Stationary energy storage is estimated to become an $8.9 billion annual market by 2026 with particular growth in lithium-ion energy storage systems (ESS) for short duration applications. A primary concern with lithium-ion ESS operation is effective thermal management, namely removing the significant heat generated during battery charge and discharge and maintaining the batteries above the minimum charging temperature in cold environments. While conditioning the air within ESS containers has been typical for most deployments to date, it is not sufficiently effective. Liquid-based thermal management provides a more effective method for controlling and optimizing battery temperature in both warm and cold environments.
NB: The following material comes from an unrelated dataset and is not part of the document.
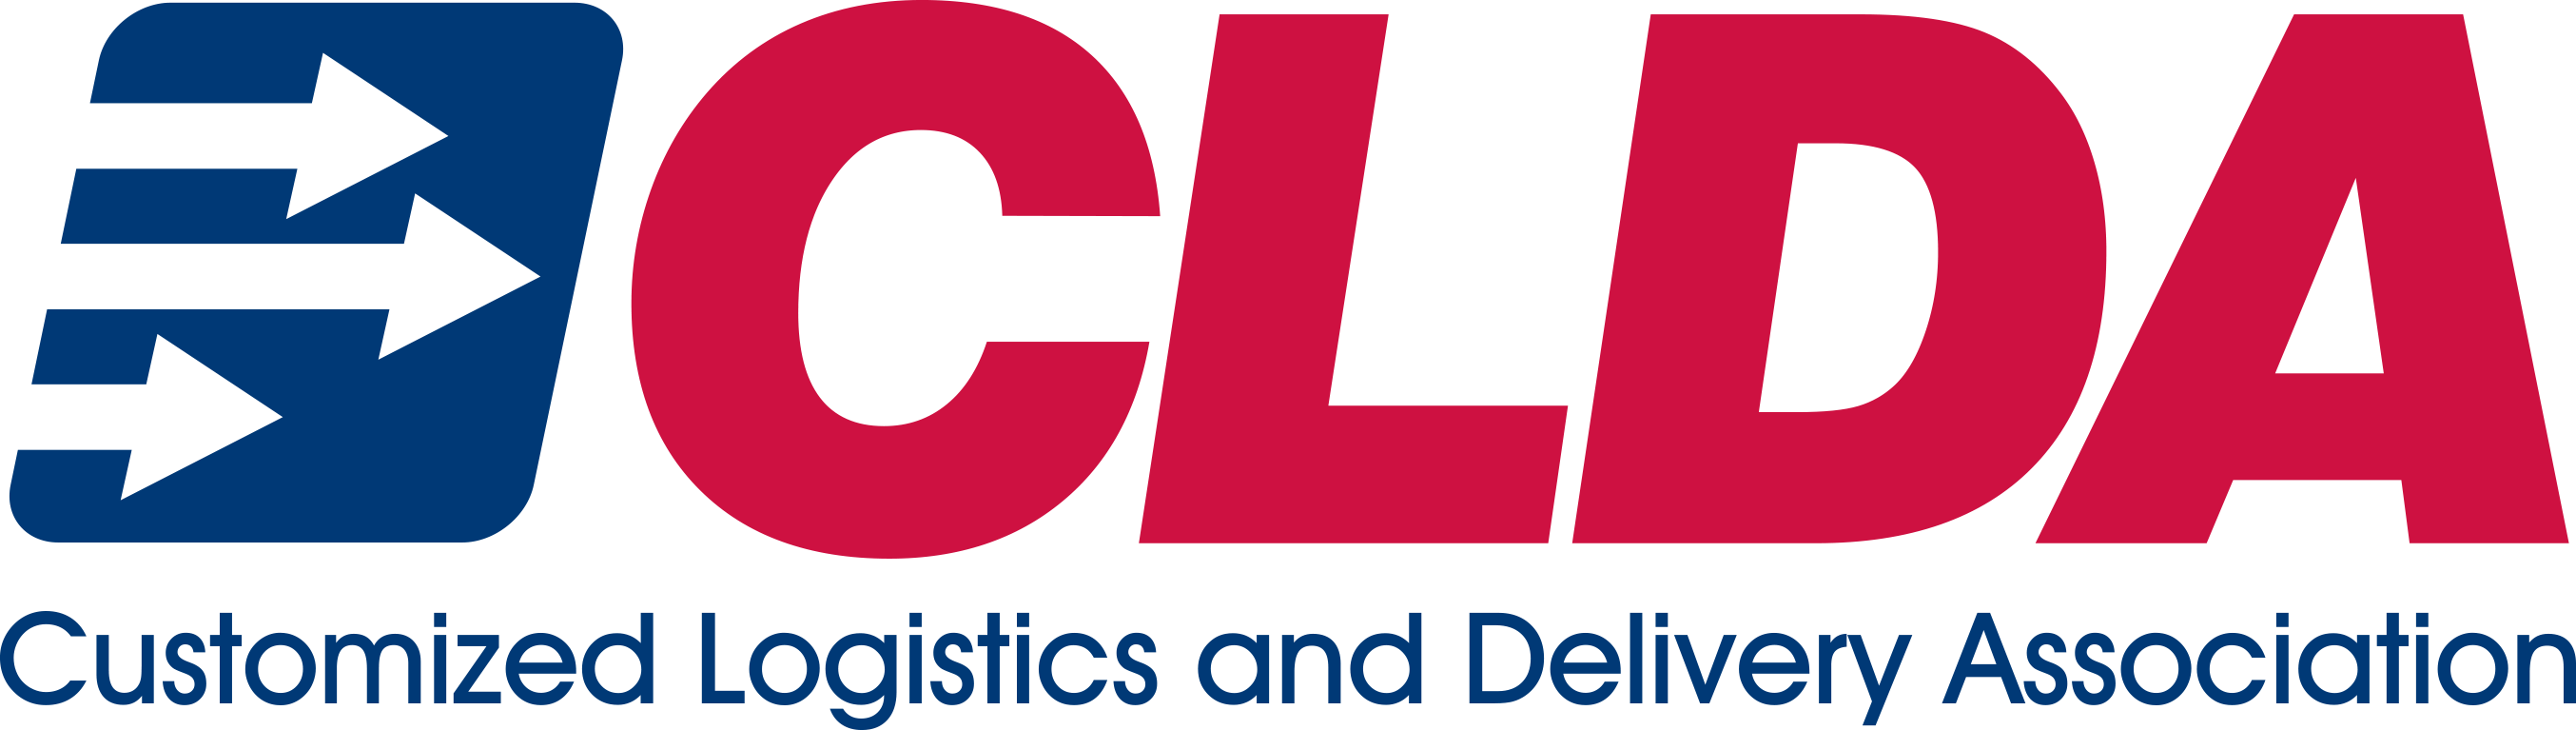 Customized Logistics and Delivery Association Logo

Effective thermal management of lithium-ion ESS must both remove heat during battery charge/discharge to minimize thermal gradients that cause internal battery cell damage and maintain the temperature of the cells above a minimum threshold for safe operation in cold environments. Conditioning of the air within an ESS container has been the most common solution as it seems the least technically complex and the least costly. However, the limitations inherent in air cooling and heating have significant impacts on battery performance, energy availability, battery degradation and lifetime, and total cost of ownership.

HVAC systems in an ESS condition the air within the container to lower the overall ambient temperature, which is then circulated around and within the battery modules by natural or forced convection. The specific heat of air and airflow limitations limit the amount of cooling that can be provided within the battery module. Overall energy density of an air-cooled ESS is reduced as air-cooled battery module designs require more pathways within the module and container to accommodate forced airflow.

Air-cooled systems also have a low thermal transfer rate and are slow to react to battery charge/discharge-driven temperature changes. Battery management systems (BMS) typically de-rate the ESS in response, including limiting the depth of discharge and the zenith of charge. The resulting decreased charge/discharge rates reduce ESS usefulness as a power infrastructure asset. HVAC systems also typically do not provide heating, which limits the effectiveness of the system in cold environments where charging should not occur when battery cell temperatures are below the battery manufacturer’s specified minimum charging temperature.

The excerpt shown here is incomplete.